Wednesday, June 6, 2012

fee's LIST / through 6/12

WEDNESDAY
AUSTIN
* Xiu Xiu @ Mohawk / 912 Red River, 9p/$12. Notable noise-rockers Xiu Xiu haven't toned it down, though their current mashups of 8-bit crunch with signature plaintive yowling has them at perhaps their most melodic post-Eau Claire.

TOKYO
* Jiro Takamatsu "Smashing of Everything" @ Yumiko Chiba Associates / 2F 4-32-6 Nishi-shinjuku, Shinjuku-ku (Toei Oedo Line to Tochomae Station, JR etc to Shinjuku Station, West Exit). An encyclopedic survey of the late, great master's alchemical grasp of sculpture, revealing relations and juxtapositions with works in glass, metal, plastic and more.

THURSDAY
NYC
* Adi Nes "The Village" @ Jack Shainman Gallery / 512 W 20th St. Dramatically staged large-format photography reveals fictional village life and complex sexual connotations.

FRIDAY
NYC
* "Fake Empire" @ Mixed Greens / 531 W 26th St. Lee Stoetzel curated and is participating in this five-artist examination and hyperbolization of historical sites and monuments. Feat. Olivo Barbieri, Rob Carter, Susan Giles, and Dionisio Gonzalez in a cross-media presentation.

* "Peace, Love & Misunderstanding" (dir. Bruce Beresford, 2012) @ IFC Center / 323 Sixth Ave (ACE/BDFM to W 4th St).

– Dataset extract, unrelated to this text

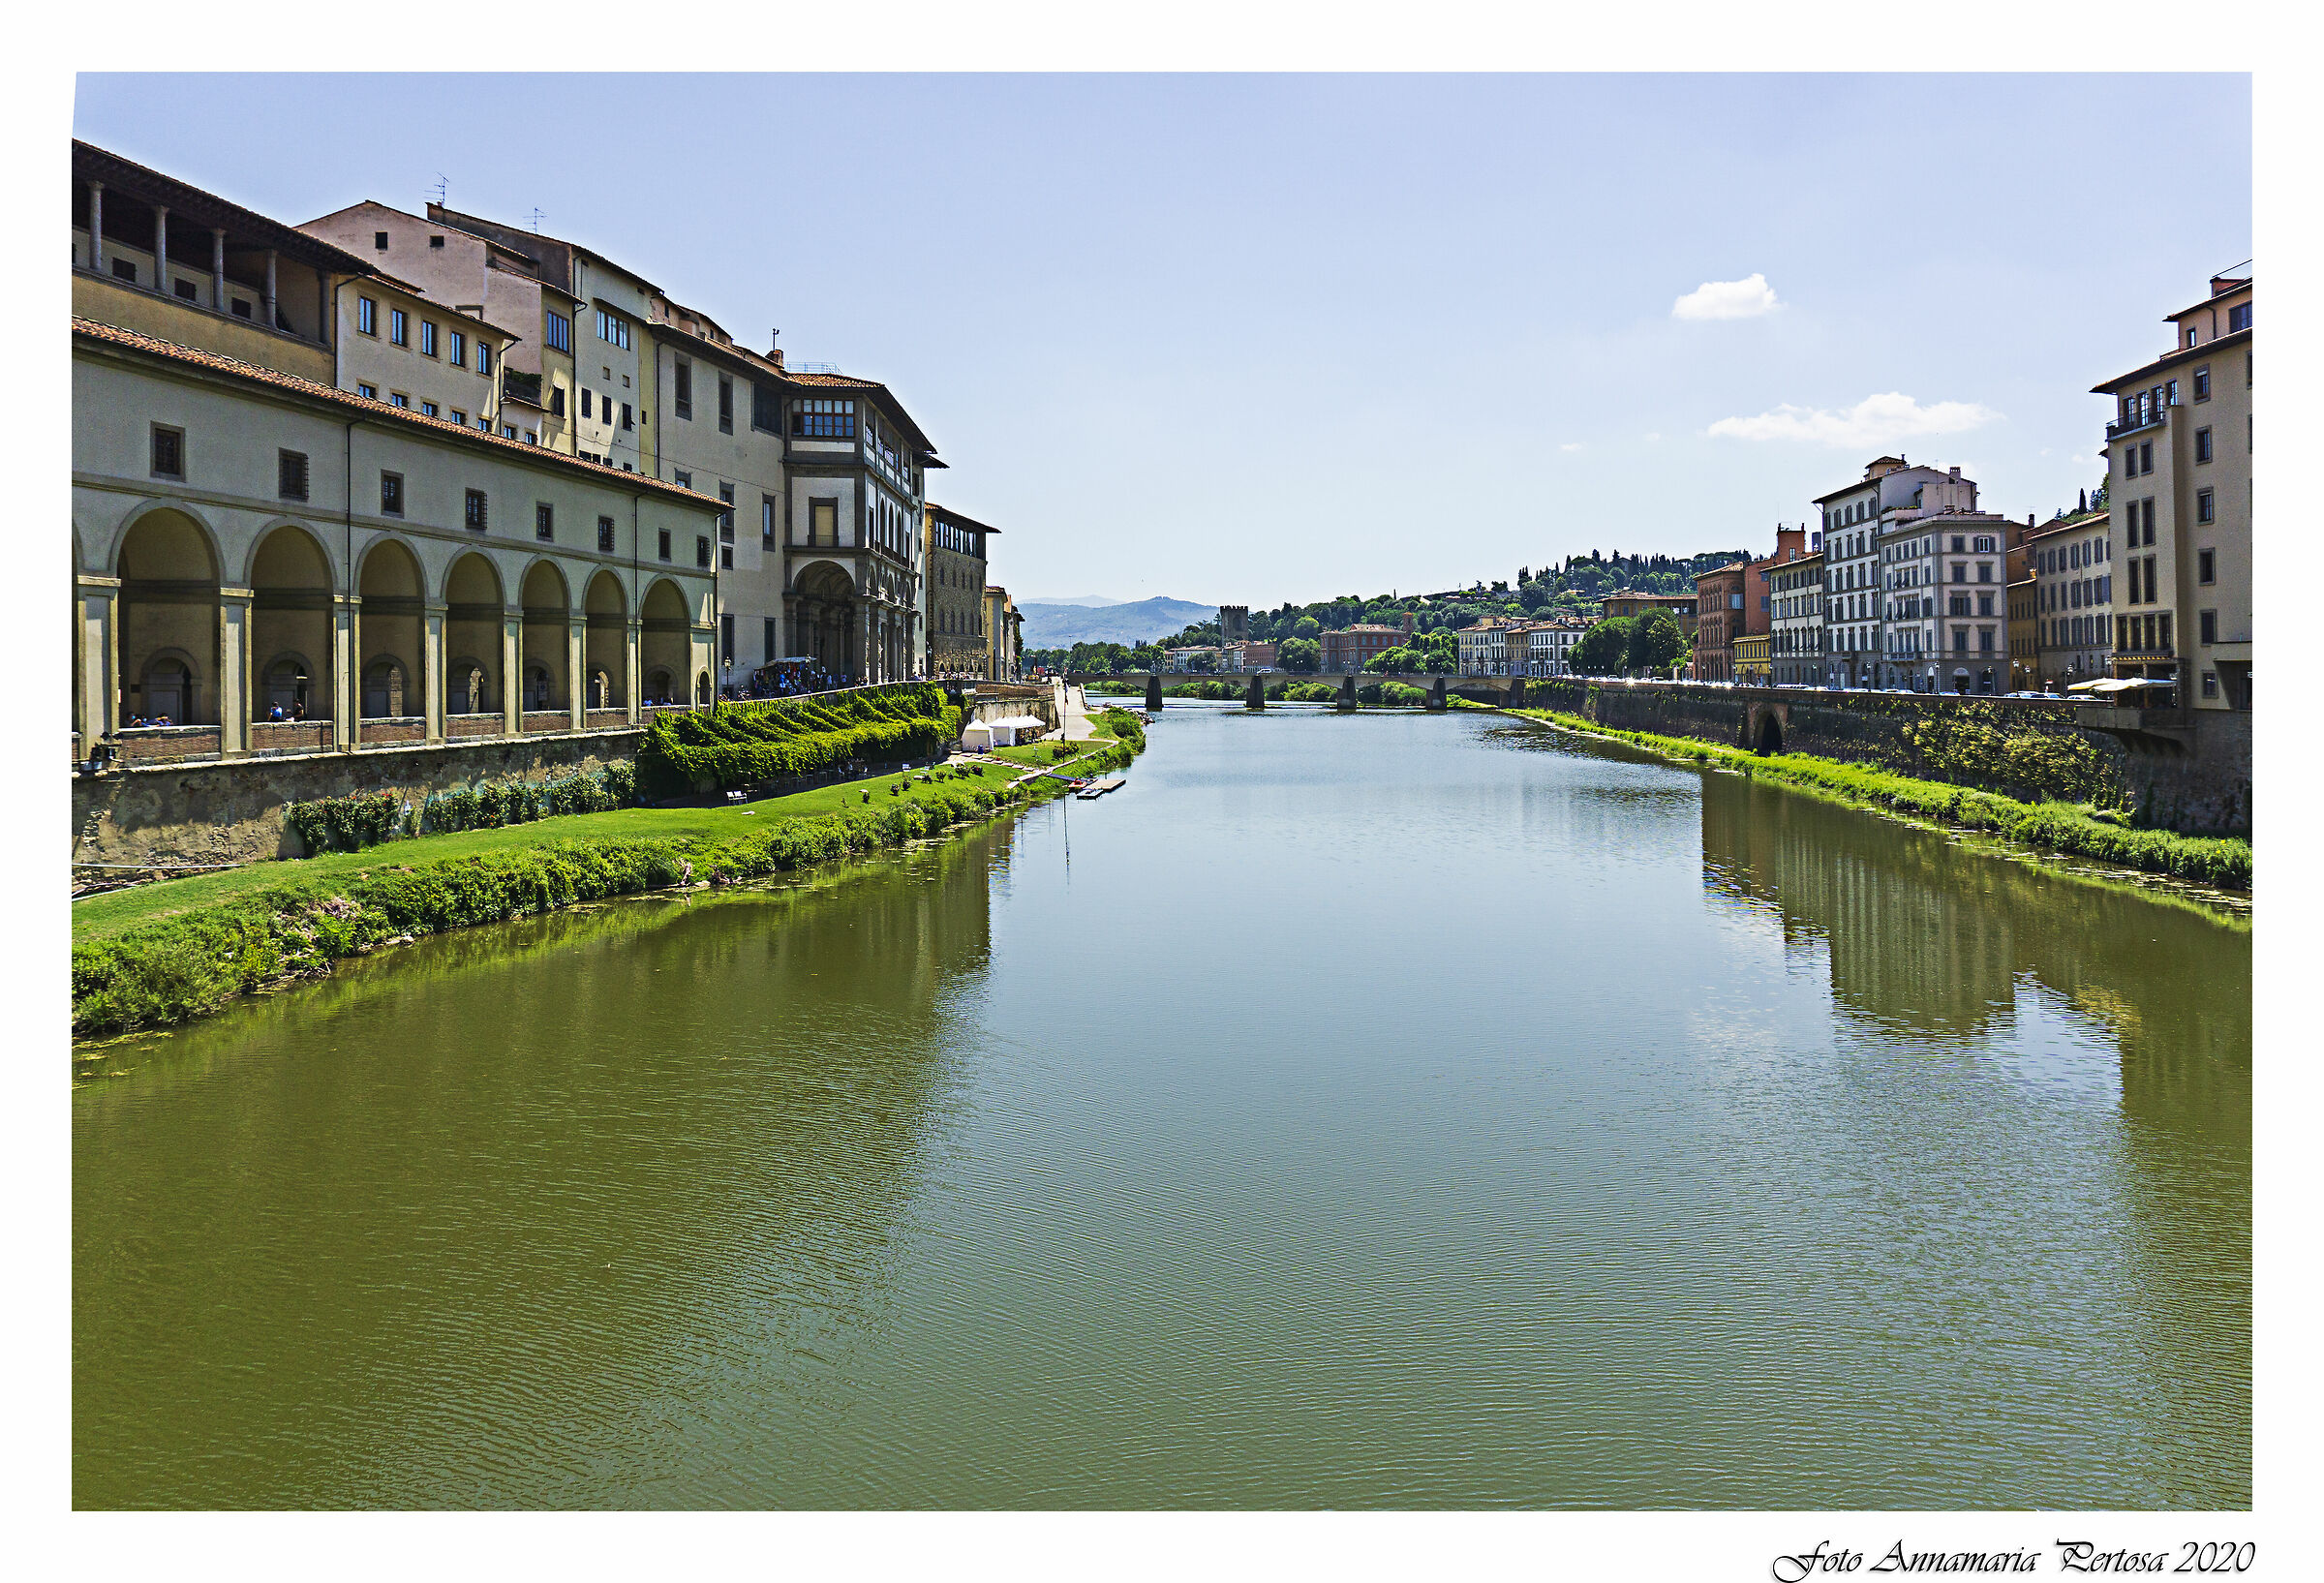 The Arno and its reflections...

Somehow the Academy Award-nominated director's latest film slipped by me, but I'll underscore its importance in two words: Elizabeth Olsen. She stars in this summer vacation of a family trip, generational coming-of-age film.

* DIIV + MINKS @ 285 Kent Ave , Williamsburg (L to Bedford, JM to Marcy), 8p/$10. So DIIV (formerly Dive) are so hot right now, swirling psychedelia with a garage-rock earnestness that puts be right back at 2007, when I really submerged myself in the Brooklyn indie scene. Plus MINKS (welcome back!) pull a glamorous darkness to their sound. w/ Life Size Maps

AUSTIN
* "Prometheus" (dir. Ridley Scott, 2012) @ Alamo Drafthouse S Lamar / 1120 S Lamar. It has arrived, my most anticipated film of the summer (and hell, perhaps 2012 for that matter)...and as I am currently in Switzerland, I won't get to see it for another 2+ weeks. The "Alien" not-entirely-prequel that needs no further introduction. Absolutely see it, just don't gloat to me about it.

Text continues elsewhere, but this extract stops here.